Speaker-labeled subtitles are a straightforward composition of two well-defined components (diarization and ASR) joined by word-level alignment. The pipeline above produces standards-compliant SRT and VTT output suitable for video platforms, accessibility workflows, and searchable archives. Once the alignment logic is in place, swapping ASR backends or extending to identity resolution with voiceprints requires only localized changes.

Full example

Putting all stages together:

from concurrent.futures import ThreadPoolExecutor

def generate_subtitles(audio_path: str, fmt: str = "srt") -> str:
    """Generate speaker-labeled subtitles from an audio file.

    Args:
        audio_path: Path to a local audio file in a supported format.
        fmt: Output format, either 'srt' or 'vtt'.
    """
    with ThreadPoolExecutor(max_workers=2) as executor:
        f_diarization = executor.submit(diarize, audio_path)
        f_words = executor.submit(transcribe, audio_path)

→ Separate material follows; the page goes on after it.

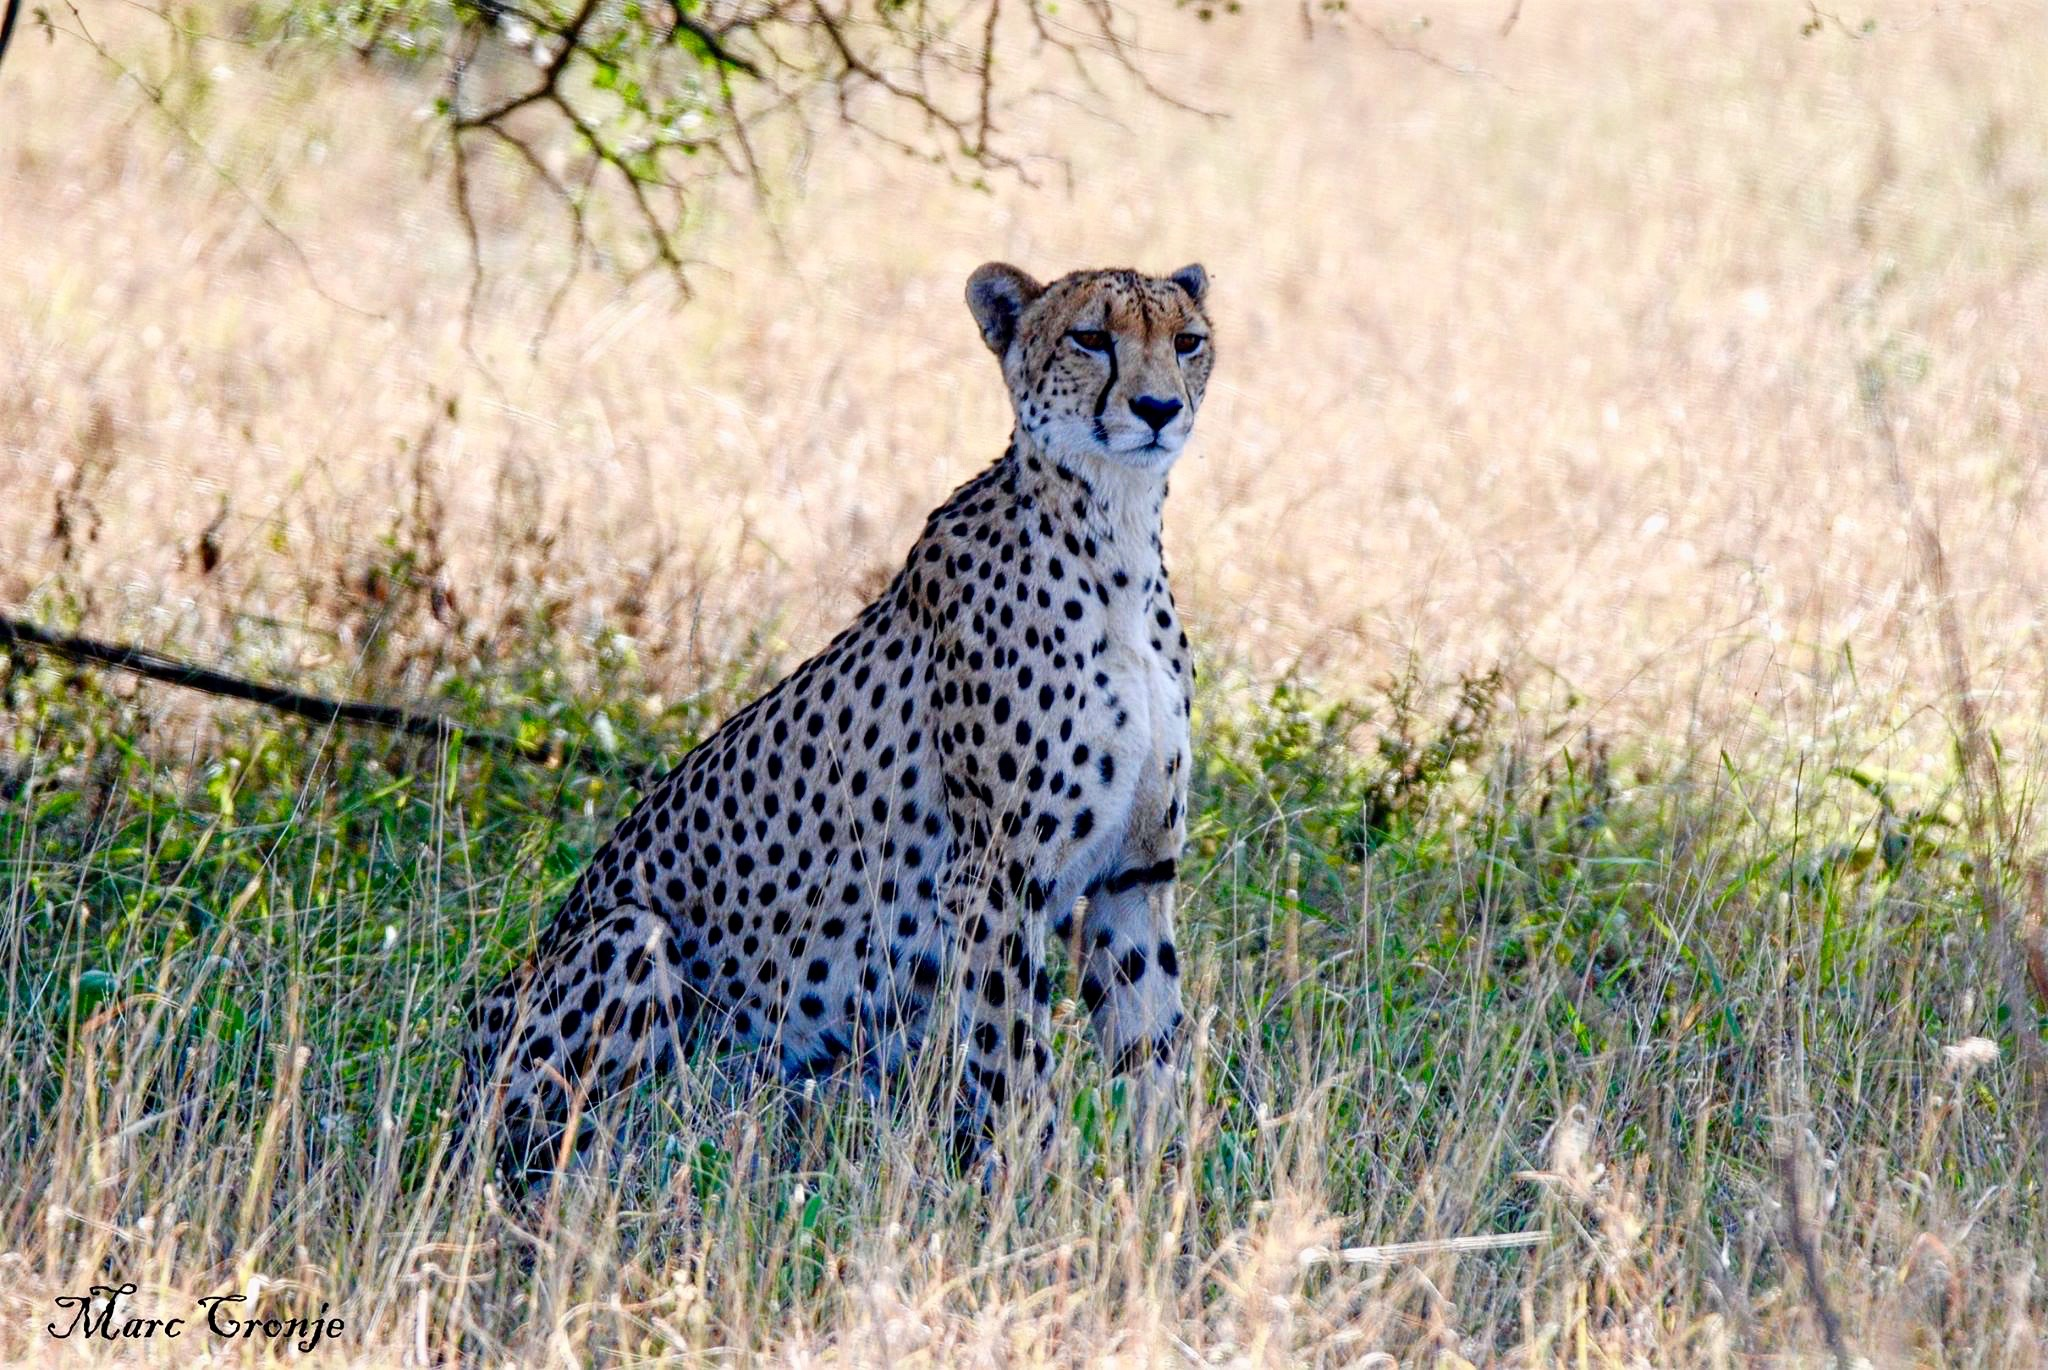 Cheetah mama 13235159_10209330157354536_1011689380703705845_o-2 (1).jpg

    diarization = f_diarization.result()
    words = f_words.result()

    labeled_words = assign_speakers(words, diarization)
    cues = build_cues(labeled_words)

    if fmt == "vtt":
        return to_vtt(cues)
    return to_srt(cues)

if __name__ == "__main__":
    srt_output = generate_subtitles("meeting.mp3")
    with open("meeting.srt", "w") as f:
        f.write(srt_output)
    print("Subtitles written to meeting.srt")

Diarization and transcription run concurrently since they are independent. The entire pipeline takes roughly the duration of the slower API call plus negligible local processing for alignment and formatting.